**Dataset extract:**
####

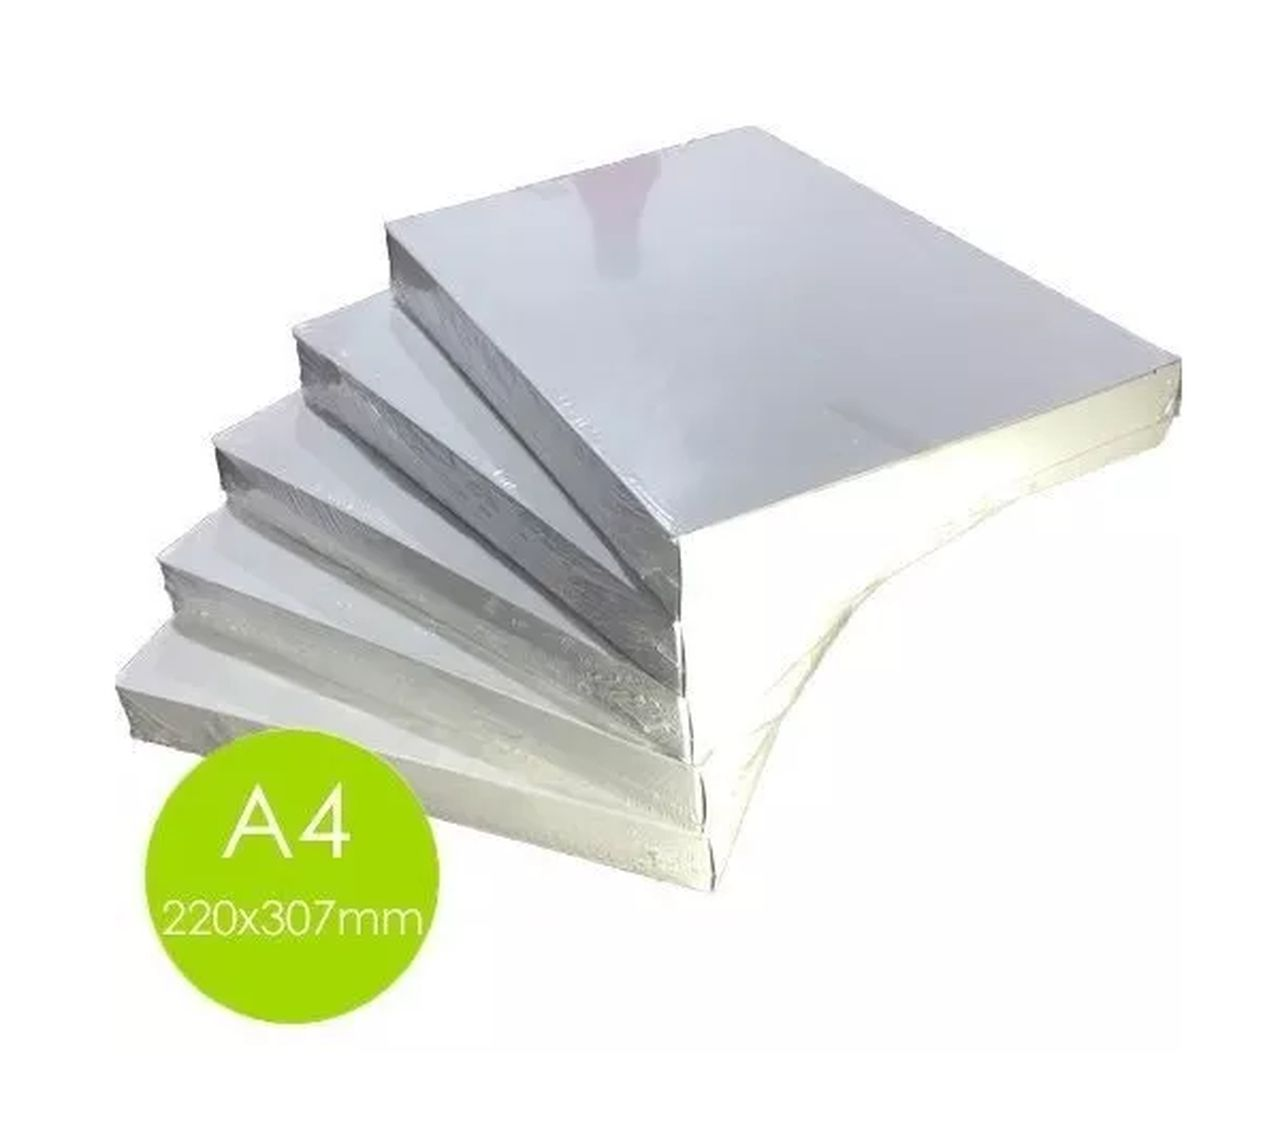 Kit Polaseal Plastificação 5 Pacotes Tamanho A4 220x307mm
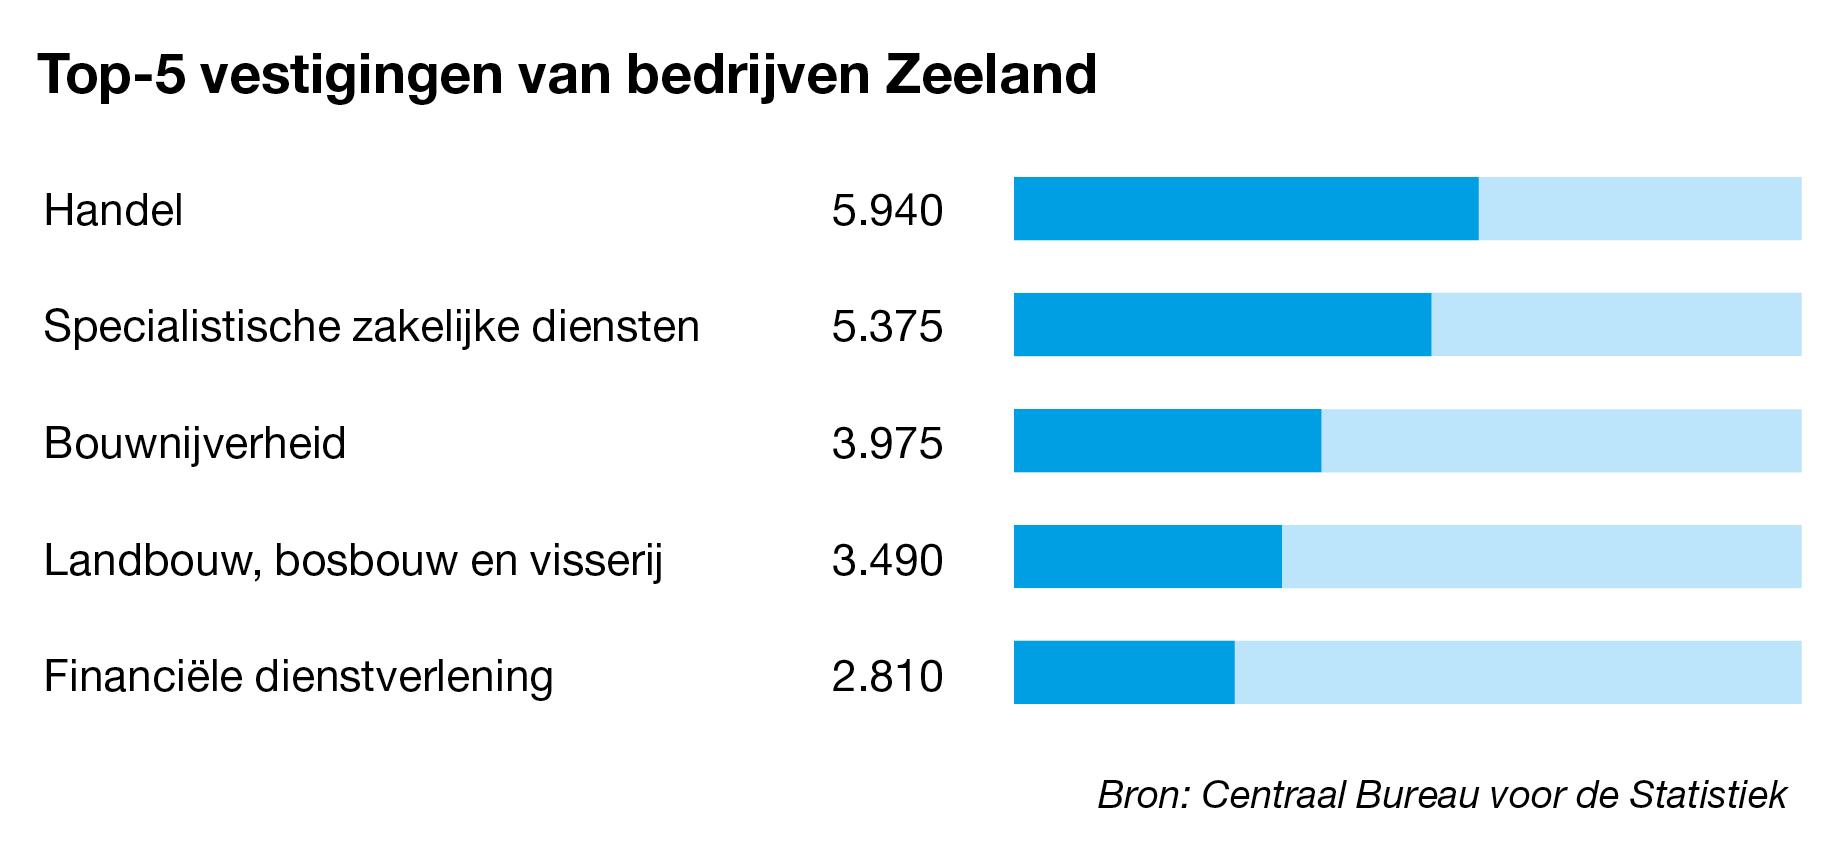 Bedrijven te koop in Zeeland
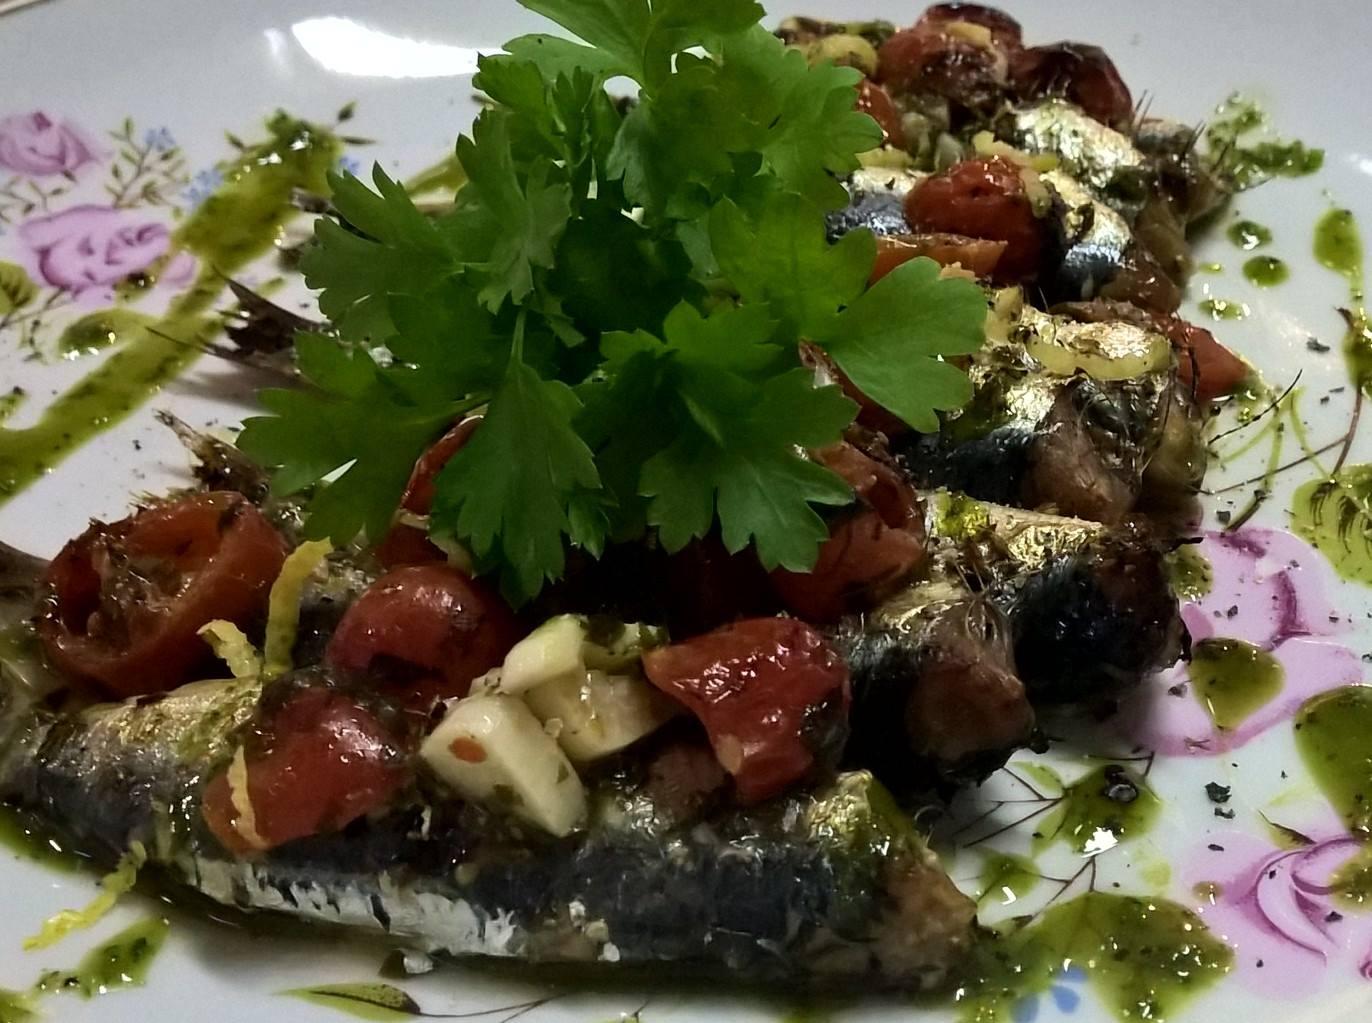 Evdemon sardines
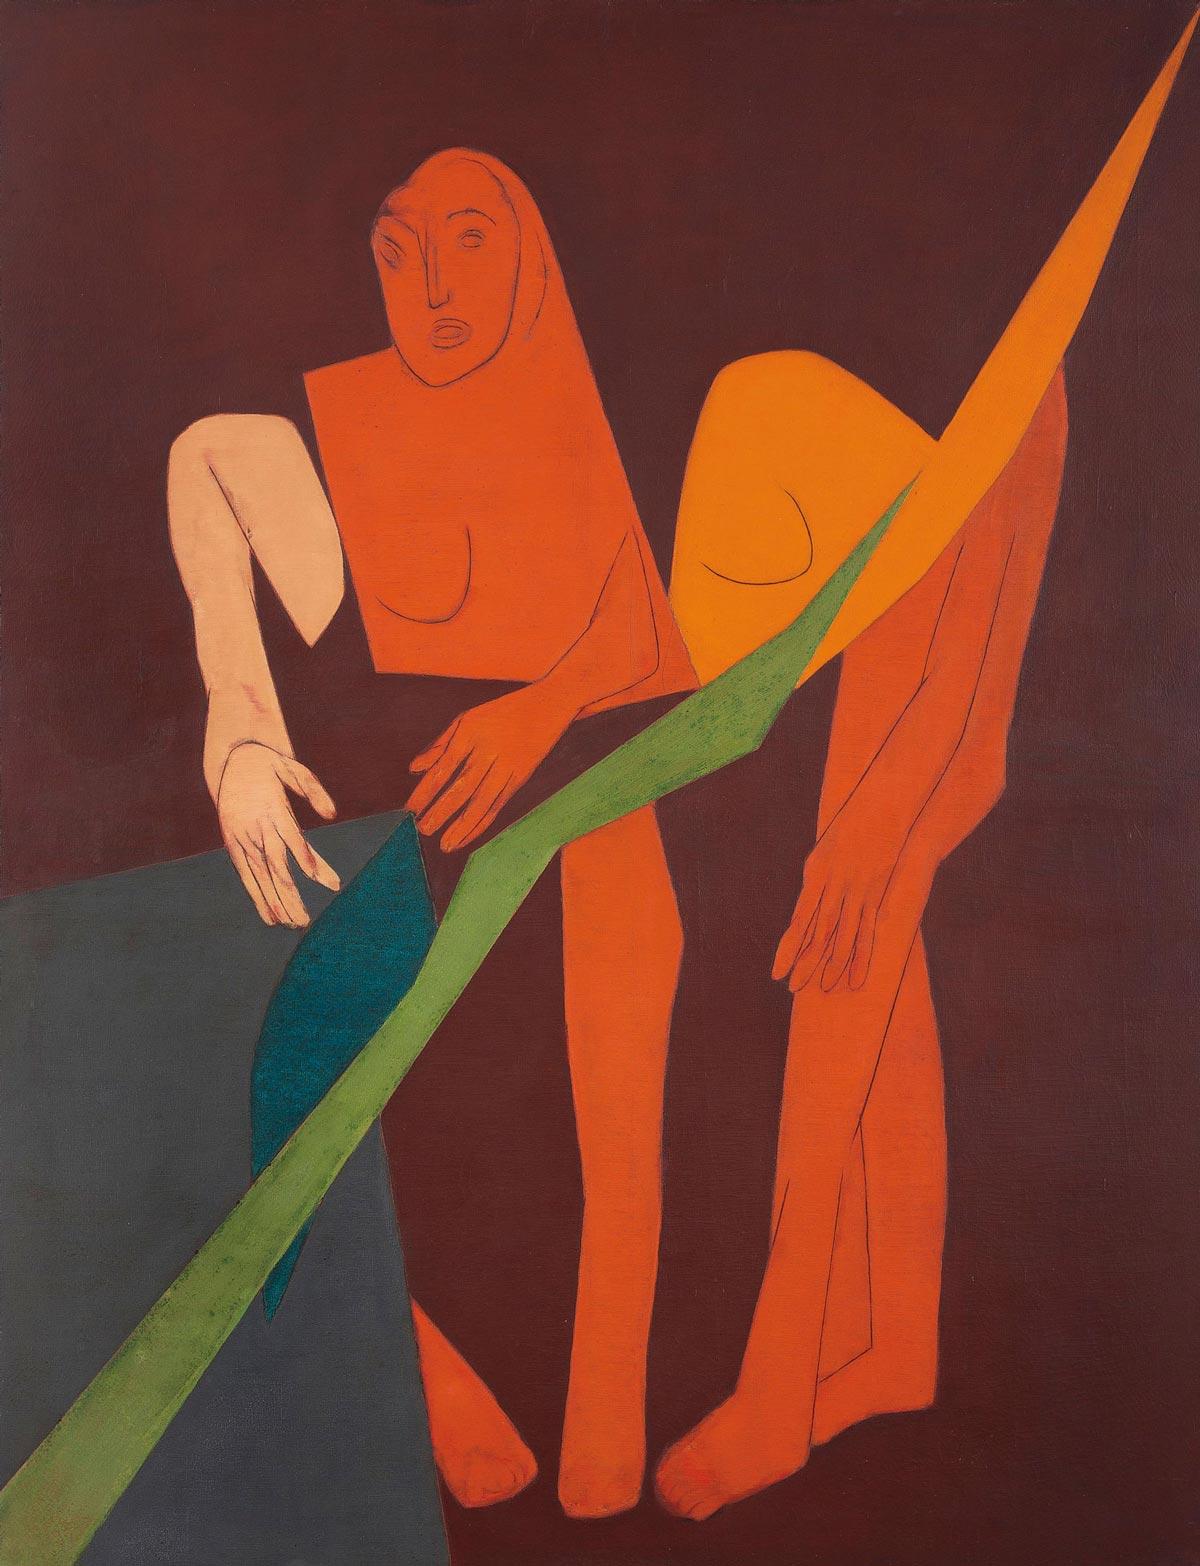 泰伯·梅塔(1925-2009年)《对角线XV》 油彩 画布,1975年作。成交价:1,392,500美元。此拍品于2018年9月12日在佳士得纽约南亚现代+当代艺术拍卖中呈献。

####

**What needs to be done:** The job is to return the listing above exactly, minus its pictures.

**Reply to the exercise:**
 Kit Polaseal Plastificação 5 Pacotes Tamanho A4 220x307mm
 Bedrijven te koop in Zeeland
 Evdemon sardines
 泰伯·梅塔(1925-2009年)《对角线XV》 油彩 画布,1975年作。成交价:1,392,500美元。此拍品于2018年9月12日在佳士得纽约南亚现代+当代艺术拍卖中呈献。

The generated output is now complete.